In order to sell eSports tickets, cities will need eSports venues. Blizzard wants to see gaming arenas in every Overwatch League city, and it’s already gotten started, opening the first-ever Blizzard eStadium in Taipei, Taiwan, earlier this year.
“The goal here is that, over time, we’ll have teams in all the major cities around the world and there will be an arena, a stadium, a studio — whatever the form is — where fans from that city, and frankly fans from all over the world, will be able to travel and watch Overwatch played at the highest level,” Nanzer says.
Overwatch League is the first international, city-based program in the eSports world, but Blizzard isn’t fighting for the industry’s maturity alone.
League of Legends developer Riot Games recently announced massive changes hitting its North American League Championship Series in 2018, giving teams more money-making opportunities, establishing permanent franchises and offering a raft of new player protections. Riot increased players’ starting salaries from a minimum of $25,000 to $75,000, plus it instituted a Players’ Association for eSports pros, many of whom get their start while still in high school.
Overwatch League also includes a minimum starting salary for players (Nanzer didn’t offer a figure but said that information should become public soon).

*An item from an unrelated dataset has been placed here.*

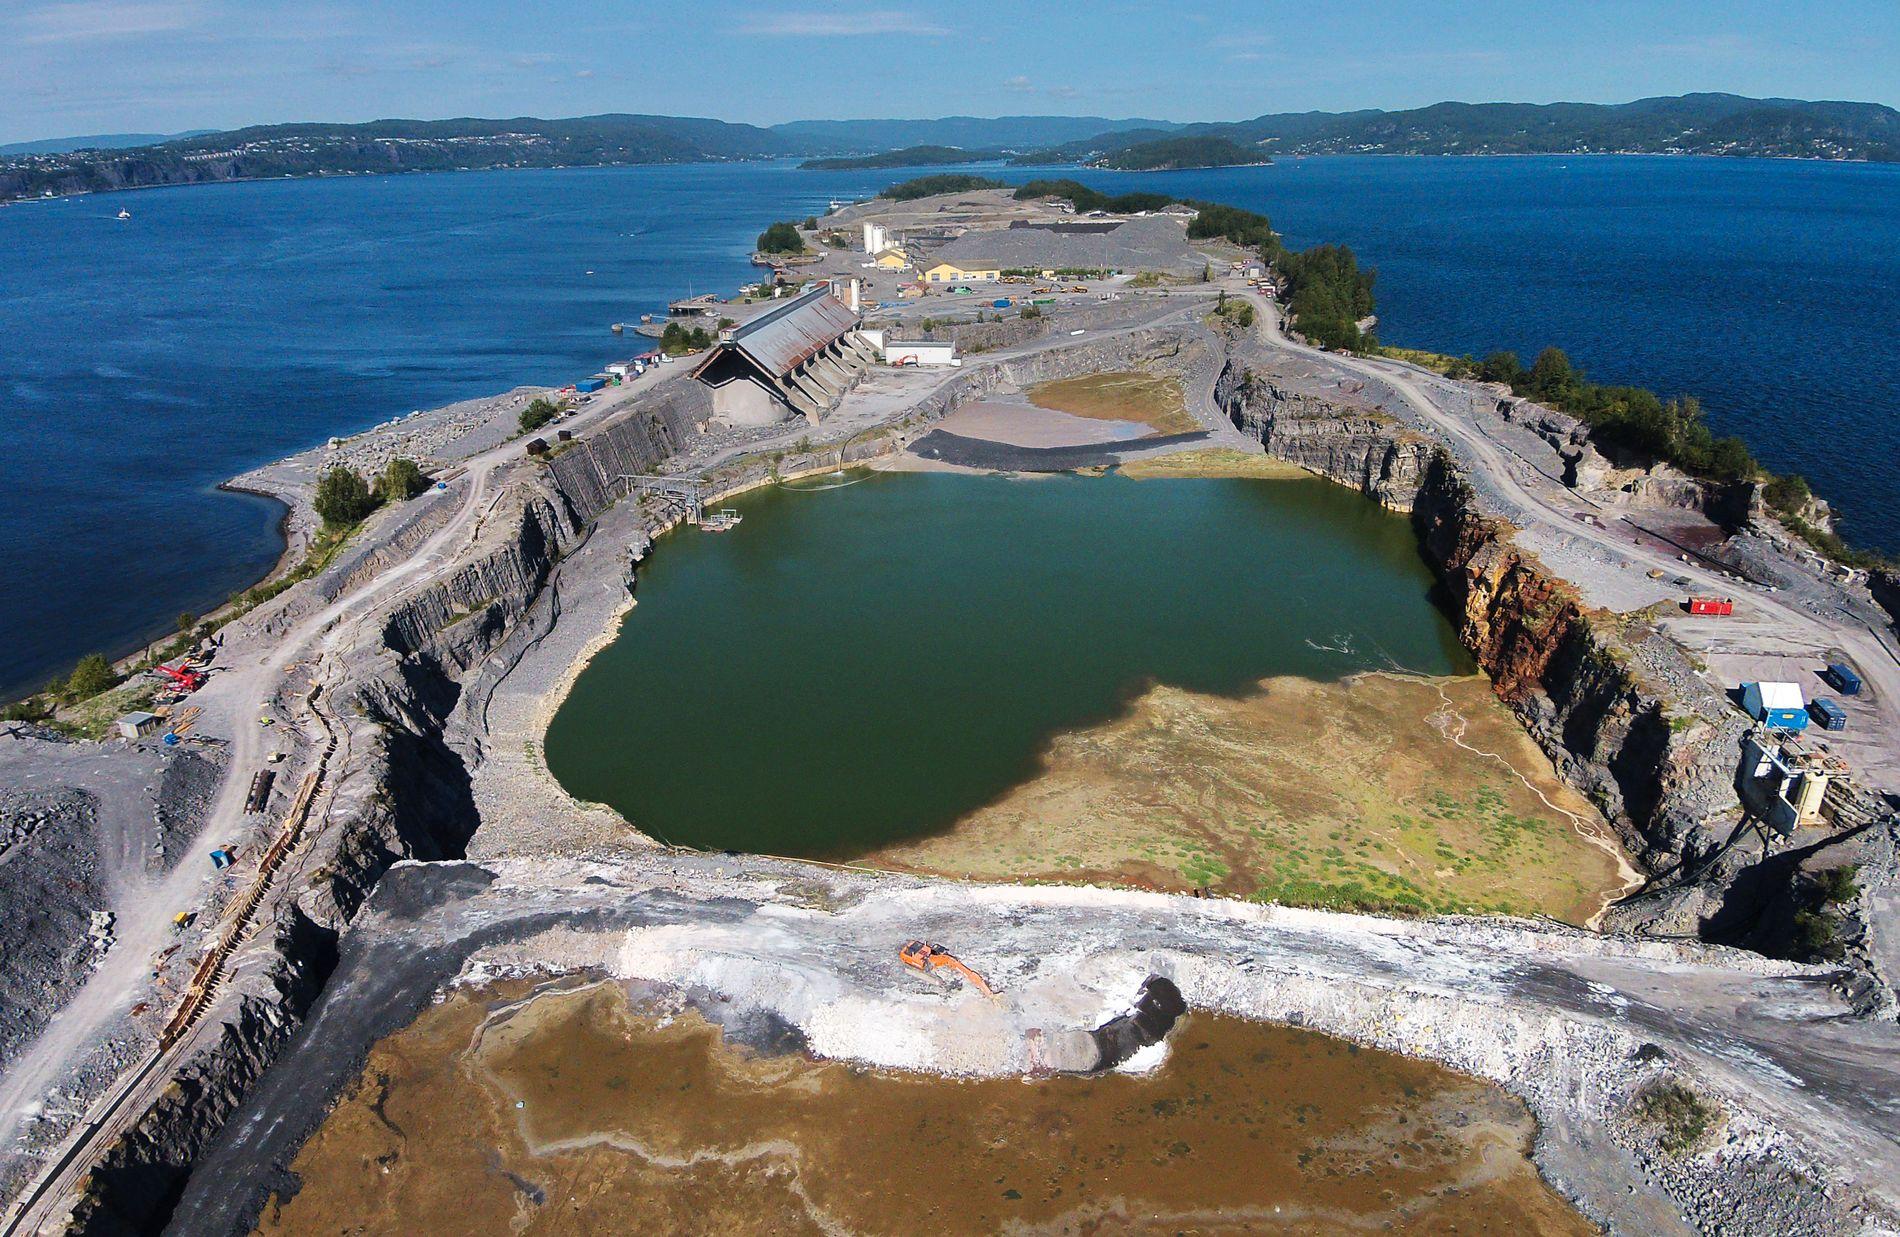 DAGENS DEPONI: Lagring av farlig avfall har i flere år foregått her på Langøya ved Holmestrand i Vestfold. Det skal avløses av et annet nasjonalt deponi etter at det beregnes å være fullt i 2022.

“I do think this is indicative — not just Activision Blizzard’s move, but the moves of other publishers as well — are indicative of a kind of coming-of-age of eSports,” Whinston says.
Nanzer, Whinston and countless others are watching eSports over the next six months as critical changes take effect in some of the industry’s largest games. Now is the ideal time for professional gaming to take root in mainstream culture, propelled by traditional-sports veterans and eSports newcomers with fresh ideas.
Or old ideas, like forming teams around cities.
“It creates an ability to tell a story that affects people differently based on the city that they live in,” Whinston says. “It affects people differently based on their prior experience with Overwatch, their prior experience with eSports, the players that they are personal fans of. The thing about eSports that was always promising, and potentially more promising than what traditional sports is capable of doing, is that it allows a level of connection directly with a player or a team or a match that traditional sports hasn’t been able to capture.”